Over-personalization can lead to inconsistent customer experiences, where different segments receive varying levels of service or product features. This could be perceived as unfair in some quarters. Personalization can also feel intrusive or manipulative to customers if it involves tracking their habits and activities closely. Highly customized pricing models based on personal behavior may lead to confusion and frustration if they lack transparency, and a customer doesn't understand why they are being charged a particular premium.

 

 

Striking the balance, and realizing benefits 

 

To deliver omnichannel personalization that is effective yet stays within the boundaries of sensitivity, insurers need to develop an overarching data management strategy that allows them to efficiently and securely collect, organize and use data while upholding data quality, and abiding by data protection regulations. 

 

At a fundamental level, this requires breaking down organizational silos to create an integrated, data-informed view of the customer that can be easily leveraged by internal teams; and paving the way for the smooth exchange of data with trusted third-party providers to enable further product innovation and partnerships. All this has to happen in a manner that maintains transparency, so the processes behind important decisions based on data are clear and any outcomes can be traced back to the source. 

 

Thoughtworks has developed tools and practices specifically designed to help insurers overcome data and regulatory barriers to unlock more personalized experiences. We have a track record of working with insurers to implement the infrastructure and capabilities necessary to integrate data from across the business, and make sure this data is available on an on-demand basis – for third-party partners as well as internal teams.

 

Thoughtworks has built a hyper-personalization engine for a financial services client, serving retail (urban and rural), non-resident, and corporate segments. This solution caters to:

 

  • 20 million customers
  • delivering 21 million weekly offers (1,000+ distinct offers) and; 
  • nearly 7,000 variants, all powered by 150,000 unique customer profiles

Thoughtworks developed a hyper-personalization engine for a financial services client, serving 20 million customers across various segments. The solution includes a data privacy layer for secure cloud processing and uses Customer CNA for segmentation and an “Offer Funnel” to manage personalized offers.

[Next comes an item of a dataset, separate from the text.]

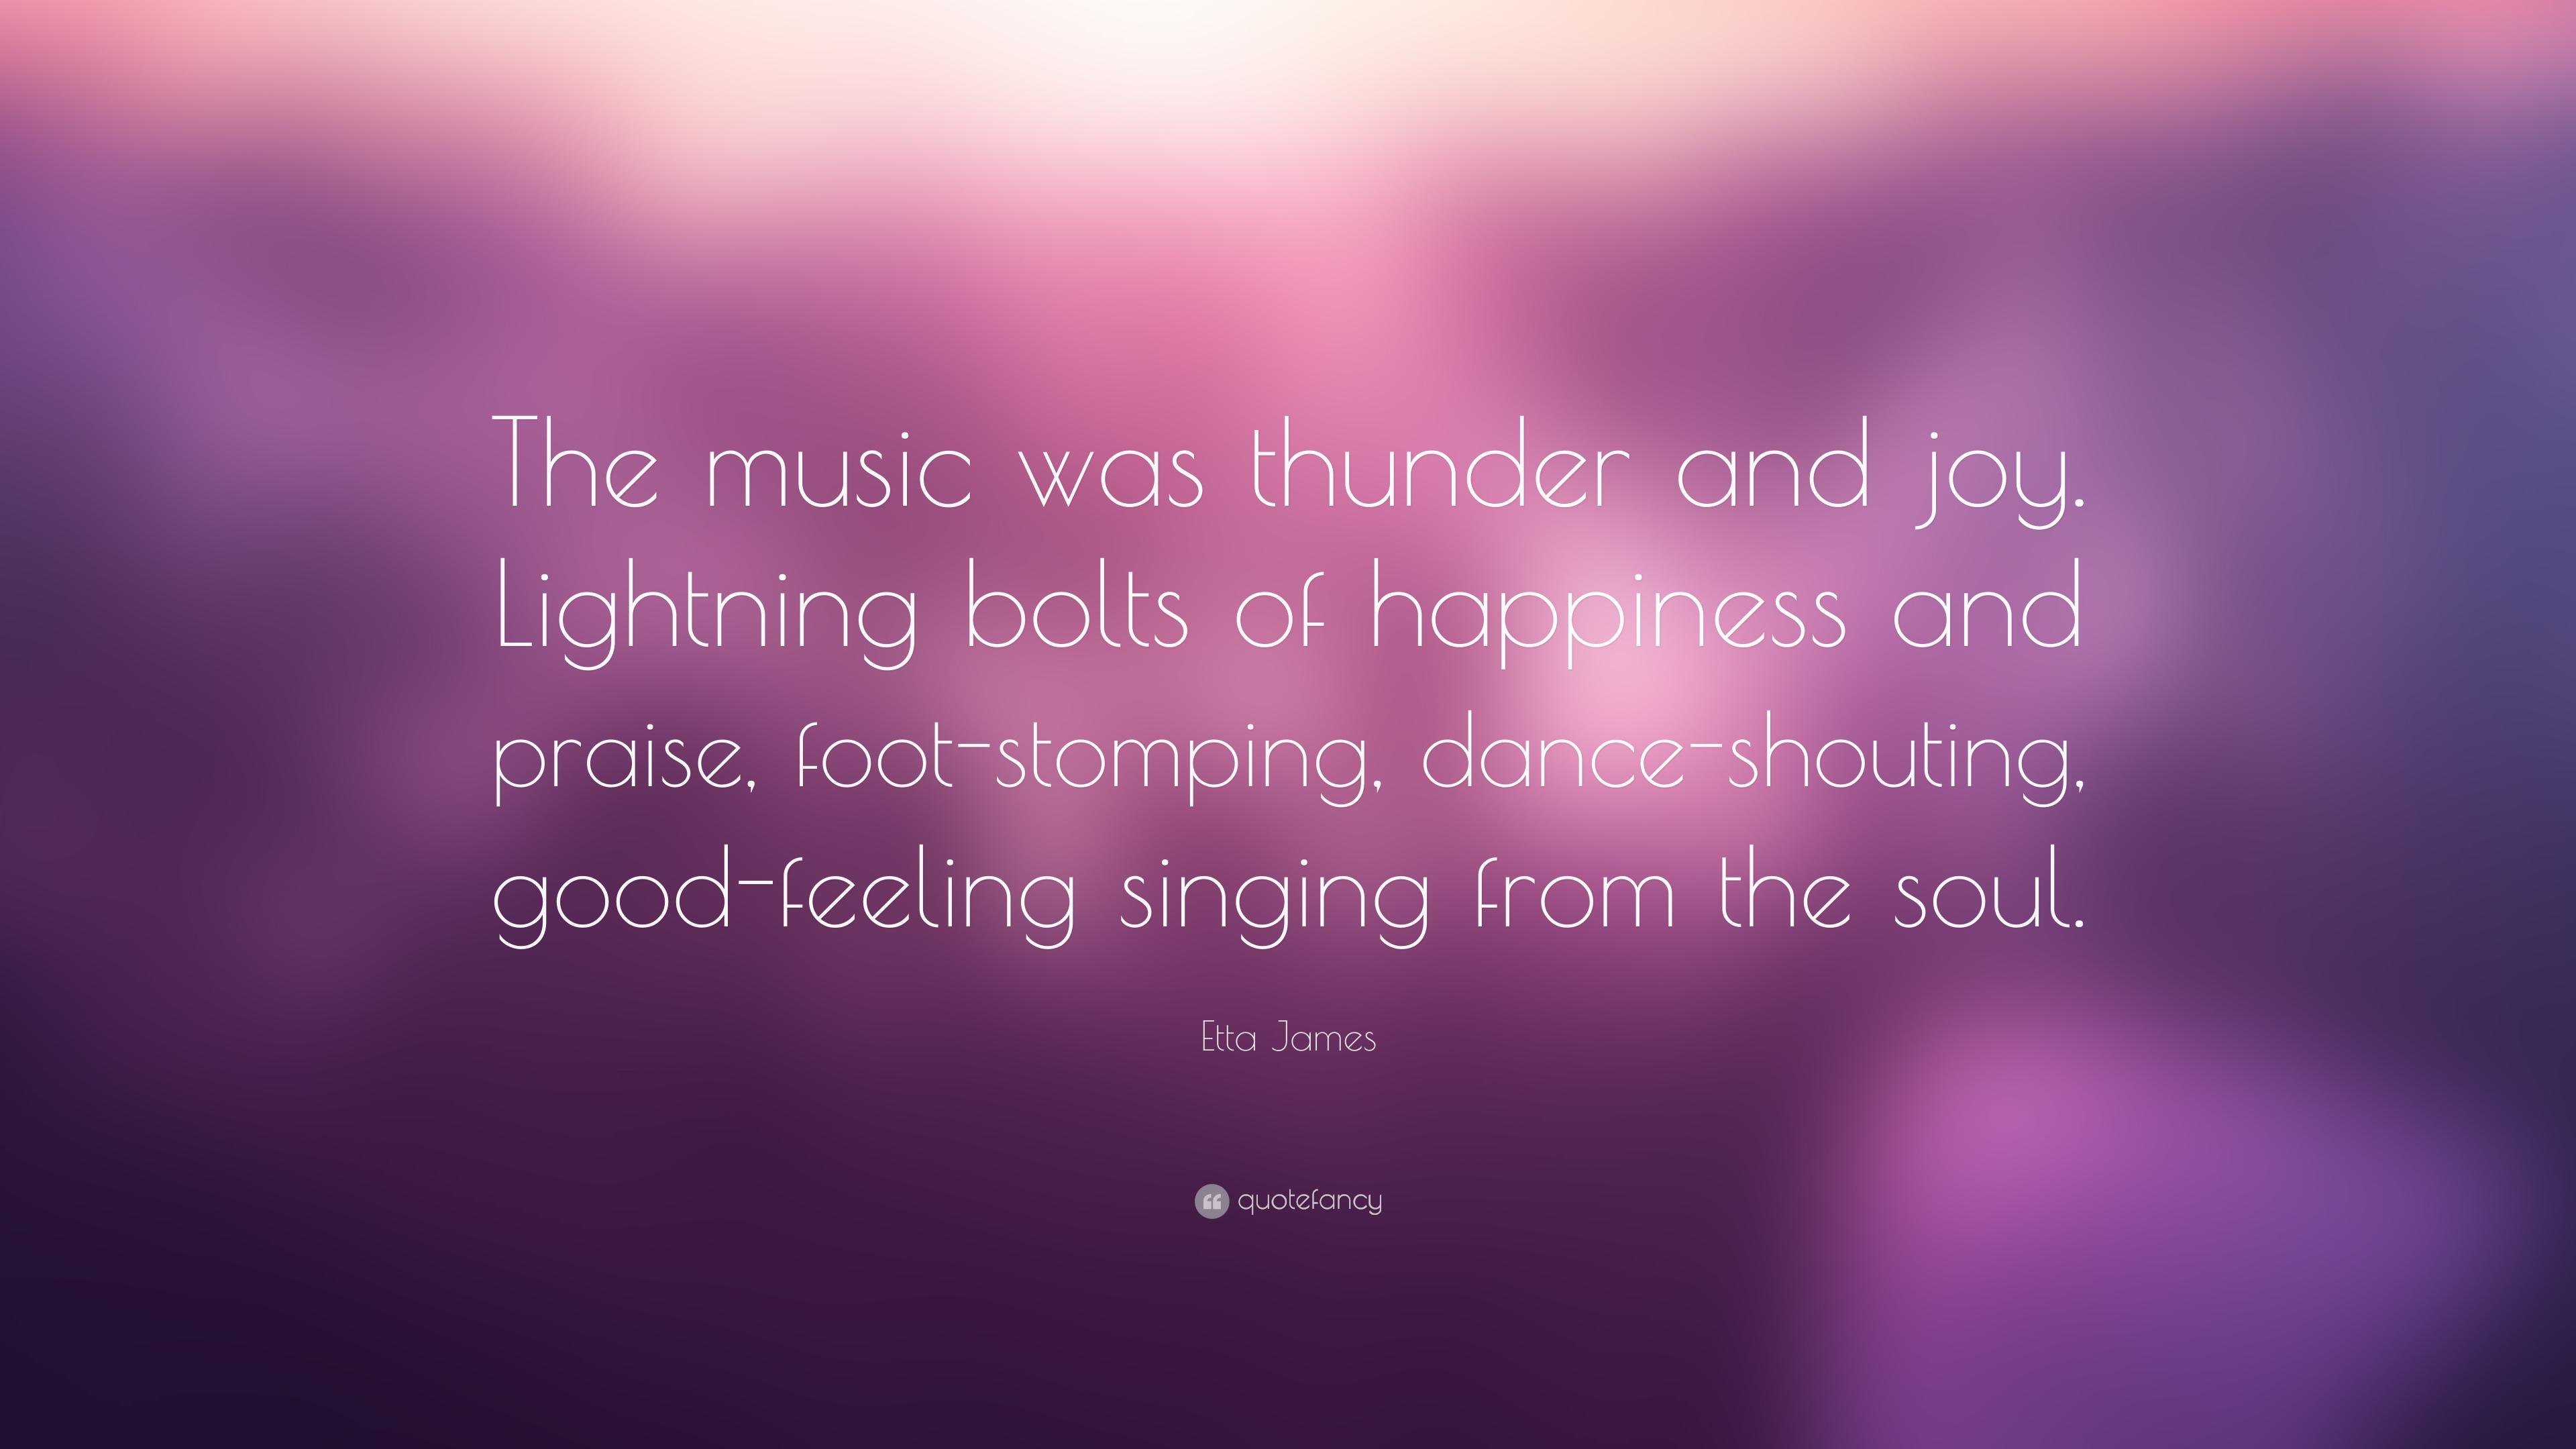 Etta James Quote: “The music was thunder and joy. Lightning bolts

The solution used a data privacy layer to protect sensitive information before sending it to the cloud. It streamlined customer segmentation with Customer DNA and personalized offers through an "Offer Funnel" that prevented repetition, conflicts, and regulatory issues. Machine learning improved offer selection based on feedback, providing a smooth omnichannel customer experience.

 

Our approach is underpinned by clear, flexible data strategies and robust governance processes that ensure a base level of compliance and customer trust, while allowing insurers to adapt to regulatory changes as they happen. Whether it's developing new models for risk pricing or applying the power of AI to enhance customer interactions, our industry experience and tested approaches enable insurers to realize the full potential of data to empower decision-making, drive innovation, and deliver services that reassure and delight individual customers, on an enterprise-wide scale.